The legal discovery workflow allows Search & Recover to be used by legal departments to locate file data of interest using content aware search index.   Key criteria for this solution is allowing legal to search data without the need to have permissions to the data itself.   Once file data of interest is located, it is required to make a copy of this data and comply with legal hold requirements.    Legal hold requirements means the file are locked and cannot be modified regardless of the permissions set on the files, and the hold should have a retention period to protect this data for the duration of the legal hold project.

This guide will explain how to configure a legal hold solution with Search & Recover and Dell Isilon Smartlock feature that provides locking and retention policies.

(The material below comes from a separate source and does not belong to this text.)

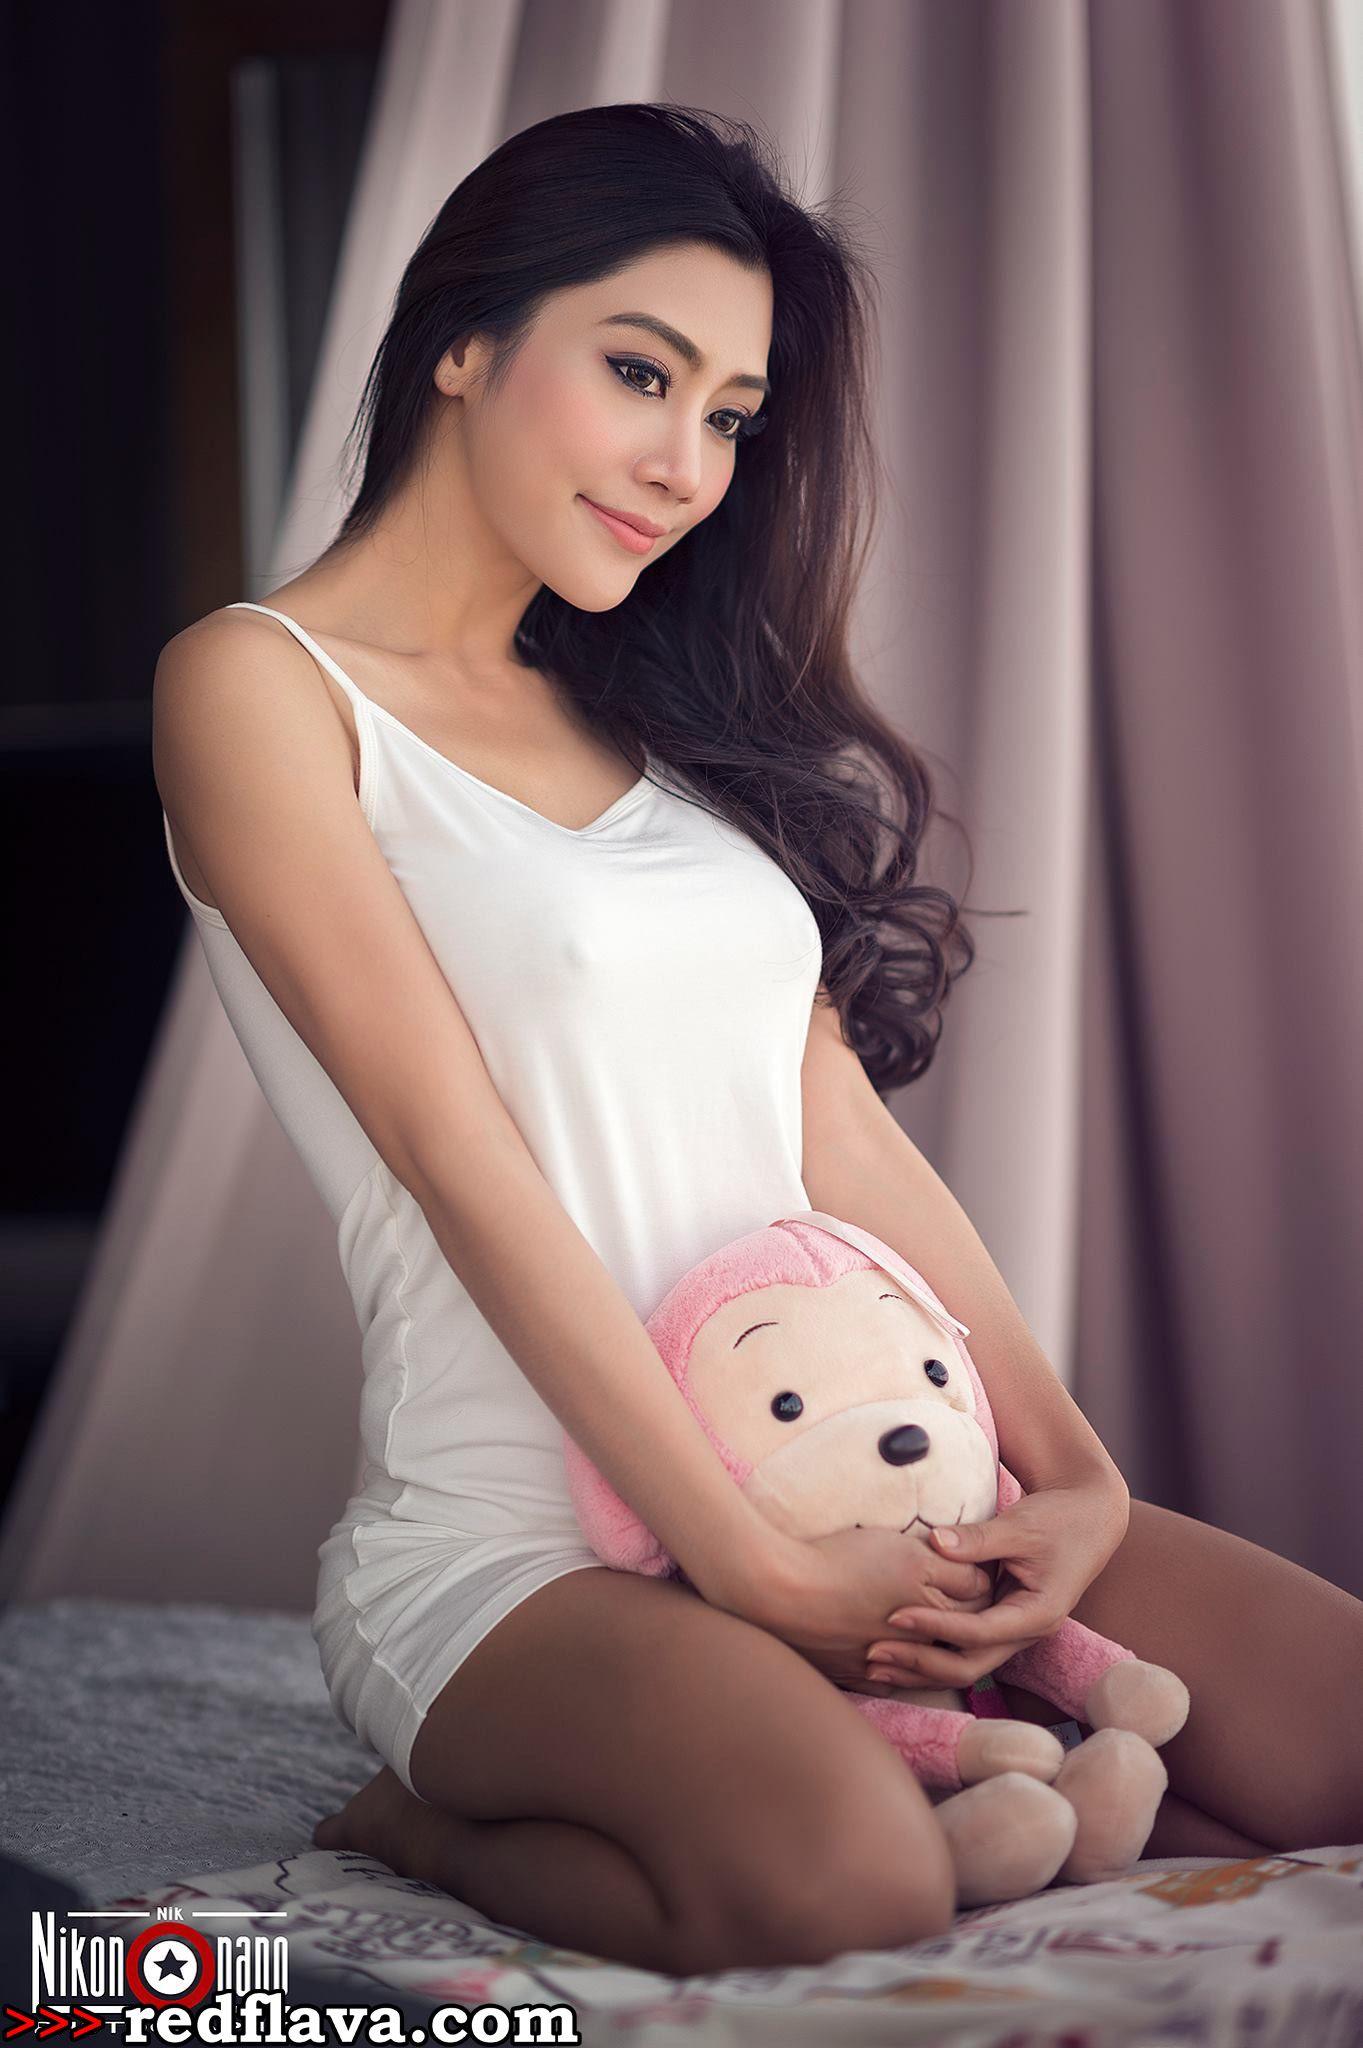 Teen asian model gallery
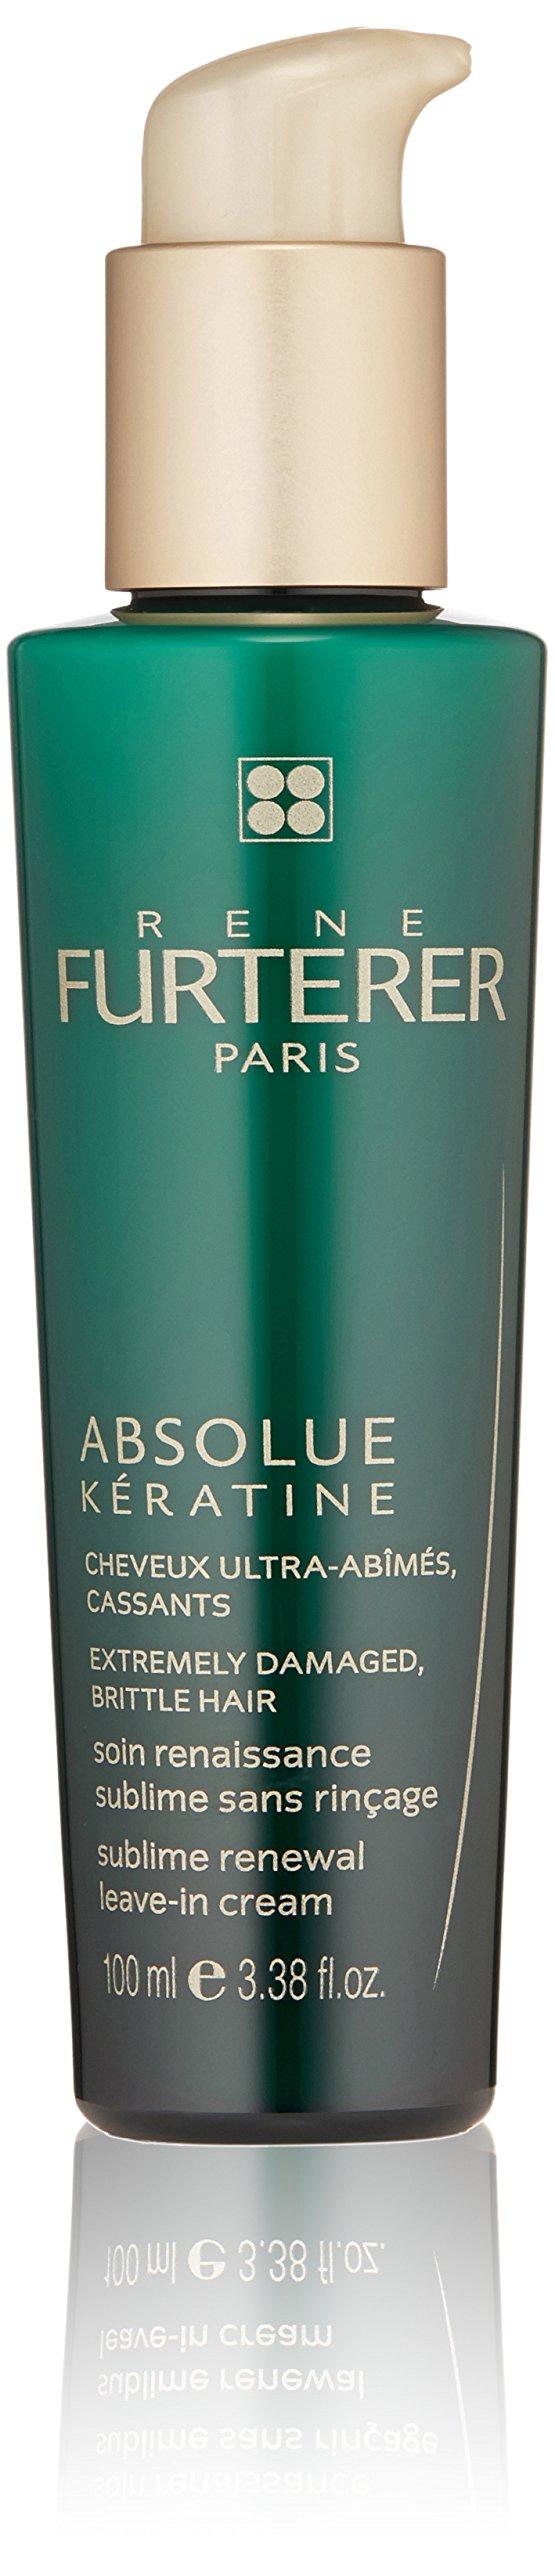 Rene Furterer Absolue Keratine Sublime Renewal Leave-In Cream

Create the Legal hold Project Space

  1. Create a file system location for for smartlock policies to be applied.  Example /ifs/legalhold
  2. This folder will hold legal hold project data with projects stored under this path example /ifs/legahold/project1 would store all files identified by legal as requiring legal hold for project1

Create SmartLock policies on the Legal Hold Project Space

  1. Requirements: Smartlock License
  2. This screenshot is only an example of how to configure smartlock retention on the folder.  It will lock the file 10 minutes after creation and hold the files for 30 days.
    1. Adjust these settings based on legal hold requirements.  NOTE:  retention policies can also be created on a per project folder under the /ifs/legalhold project space, if different retention periods are required per project
  3.  


How to Create Legal Search Users in Search & Recover

  1. Creating a search administrator with Active Directory users for each legal user that needs to search for files using the following command for each user.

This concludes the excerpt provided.